Directions for this task:
The output is the line containing "Covrigei sarati Rontaila - banner 4" plus every later line down to the end of the listing below, copied exactly. No pictures belong in it.

Collected material:
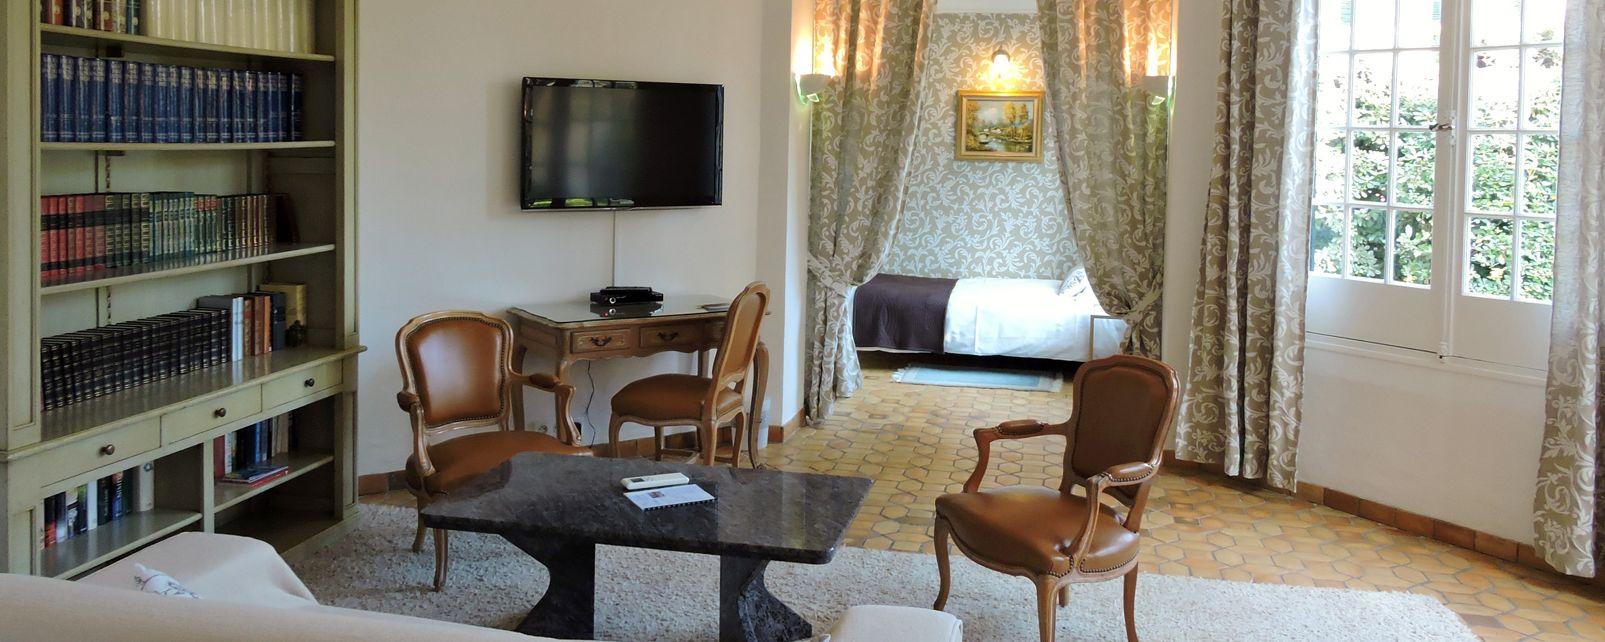 Hotel Mas Djoliba
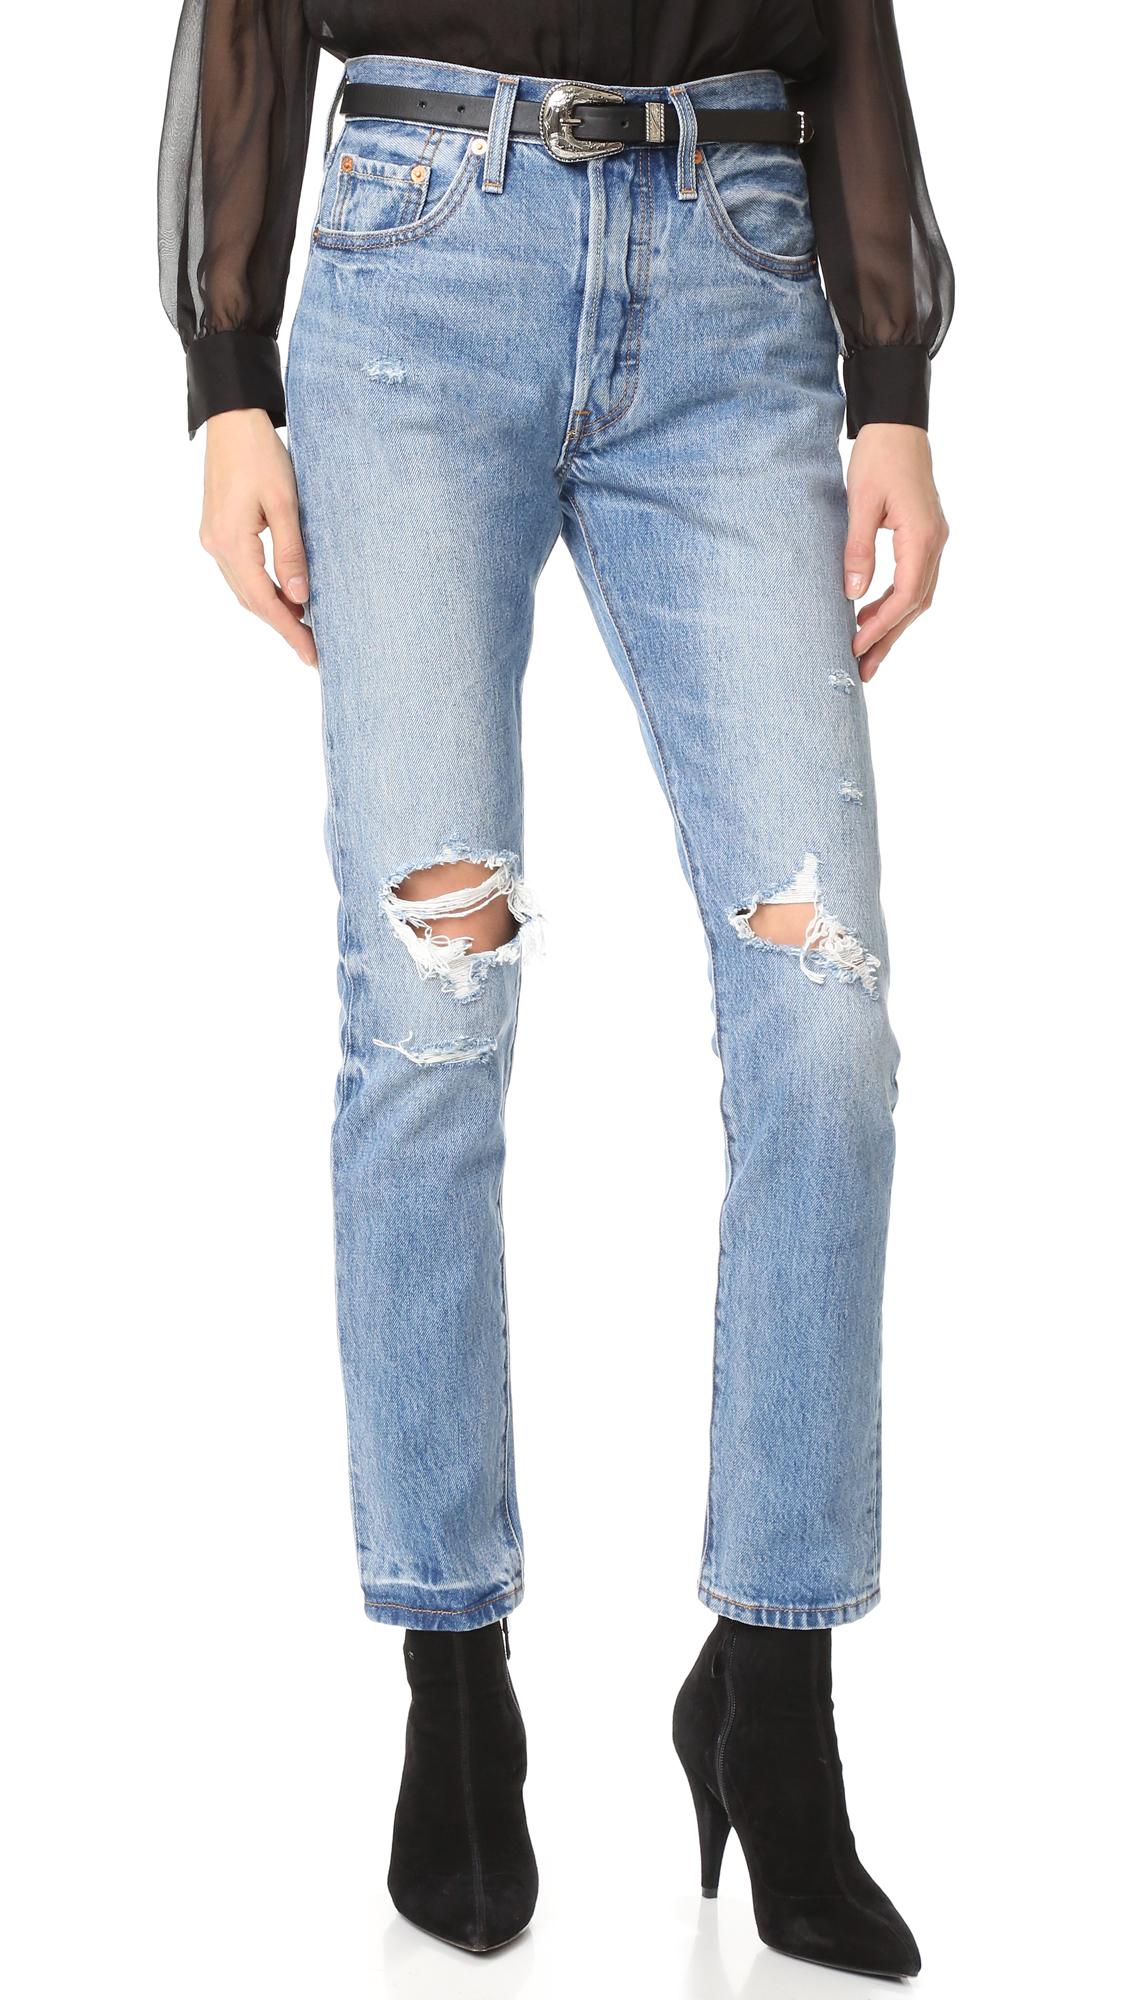 levi's, 501 skinny, distressed jeans, mom jeans, skinny straight
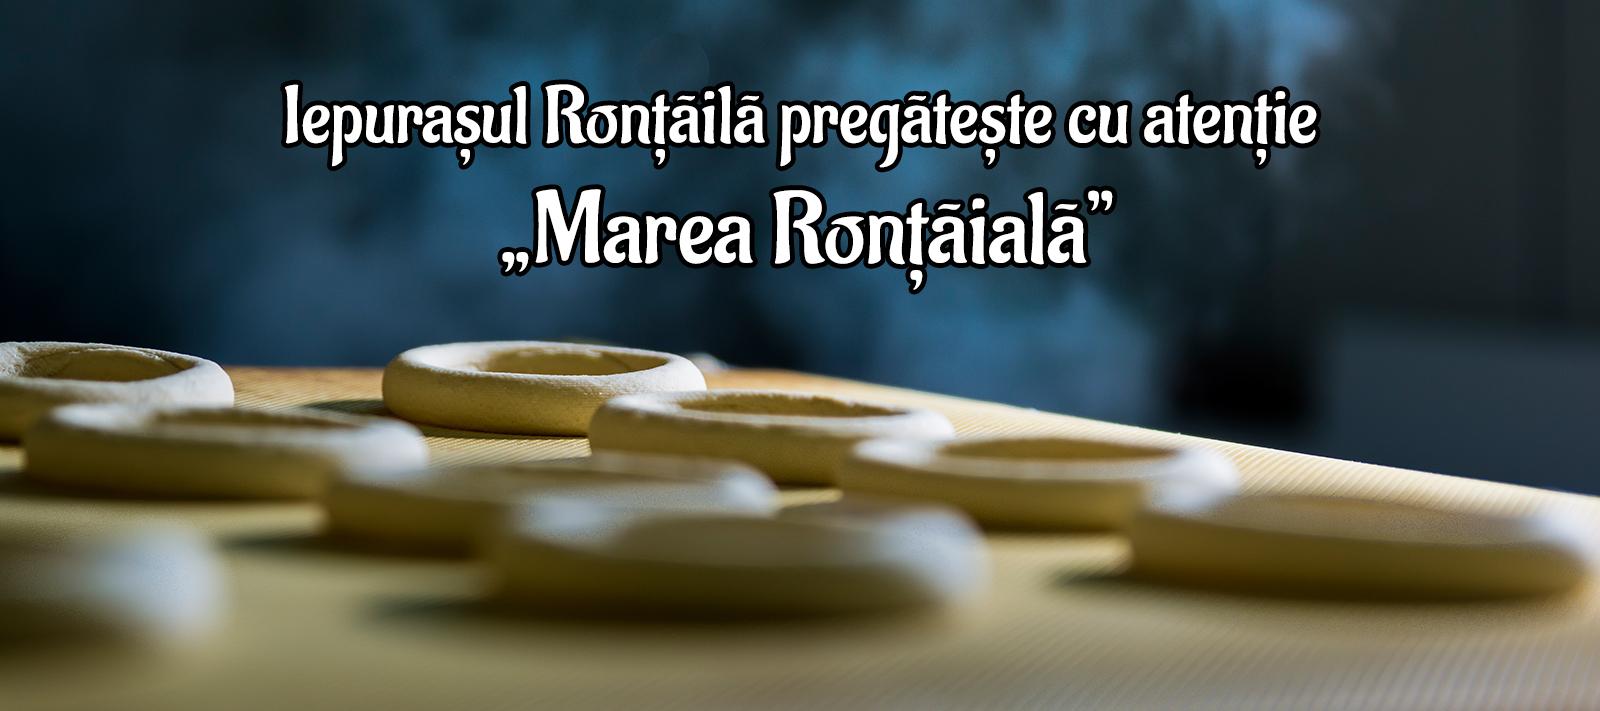 Covrigei sarati Rontaila - banner 4
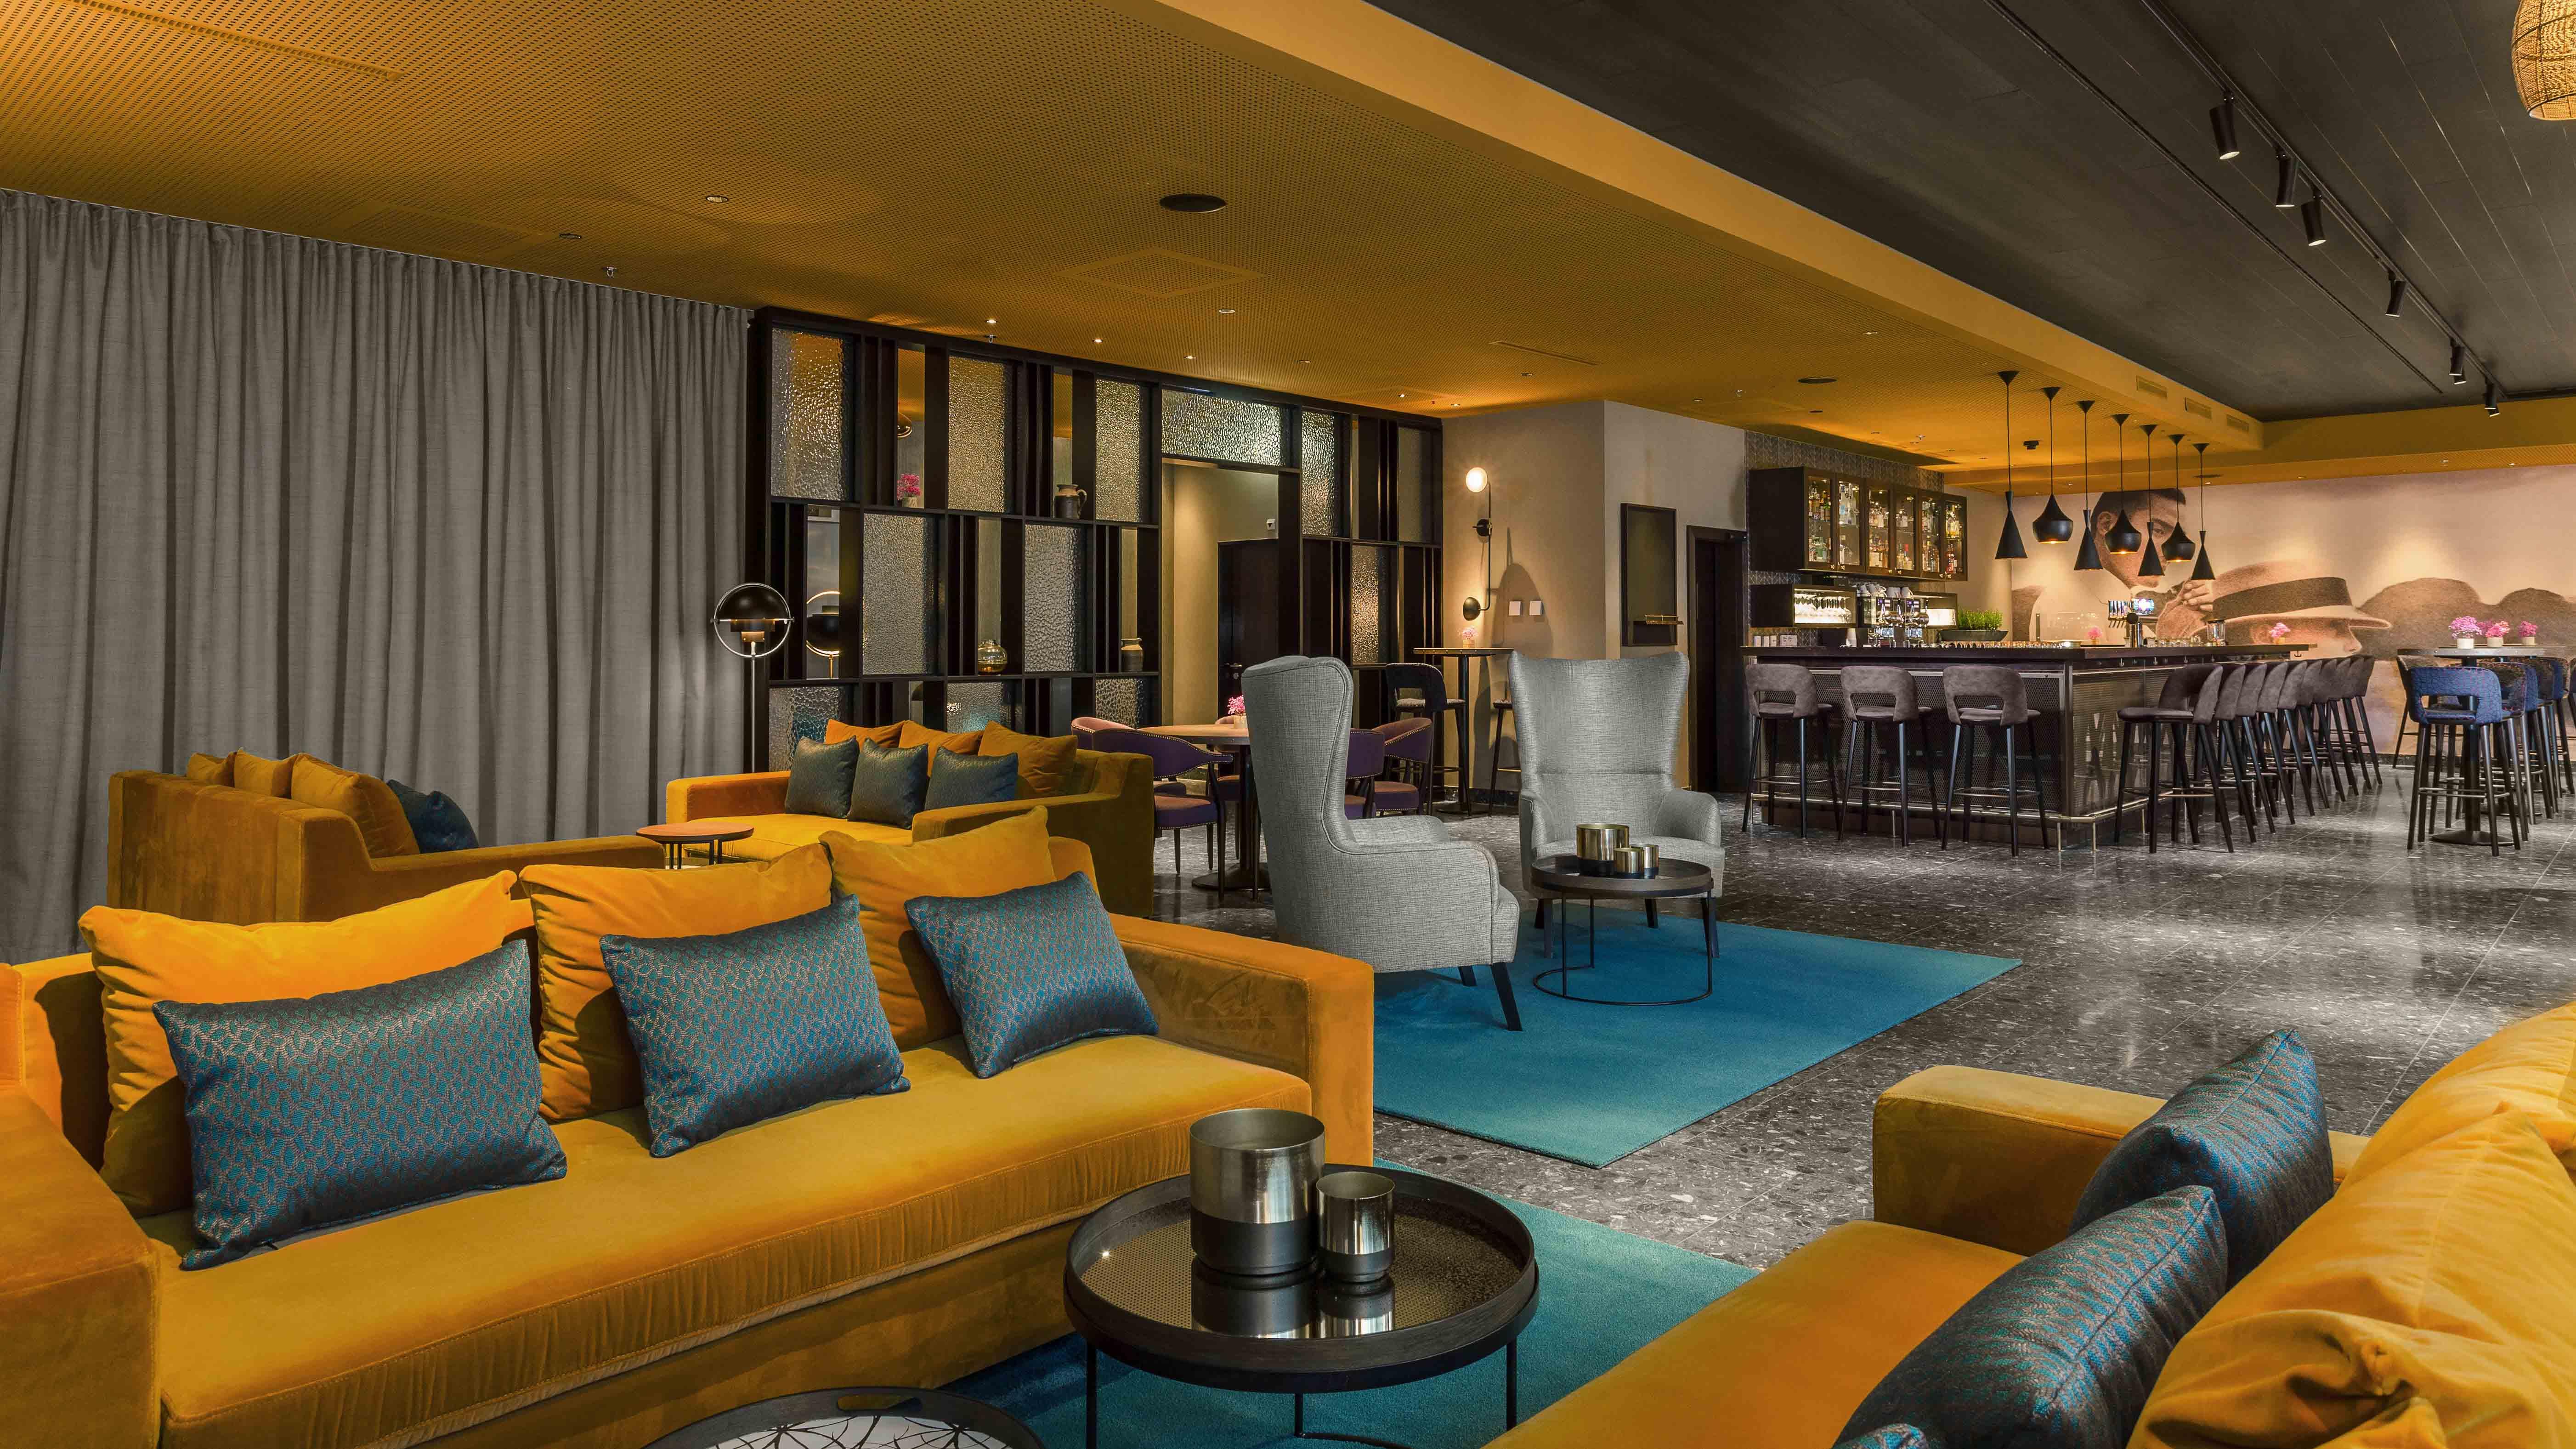 https://www.hotelsbyday.com/_data/default-hotel_image/2/12989/l-amant-bar-loung.jpg

Exercise result:
 Covrigei sarati Rontaila - banner 4
 https://www.hotelsbyday.com/_data/default-hotel_image/2/12989/l-amant-bar-loung.jpg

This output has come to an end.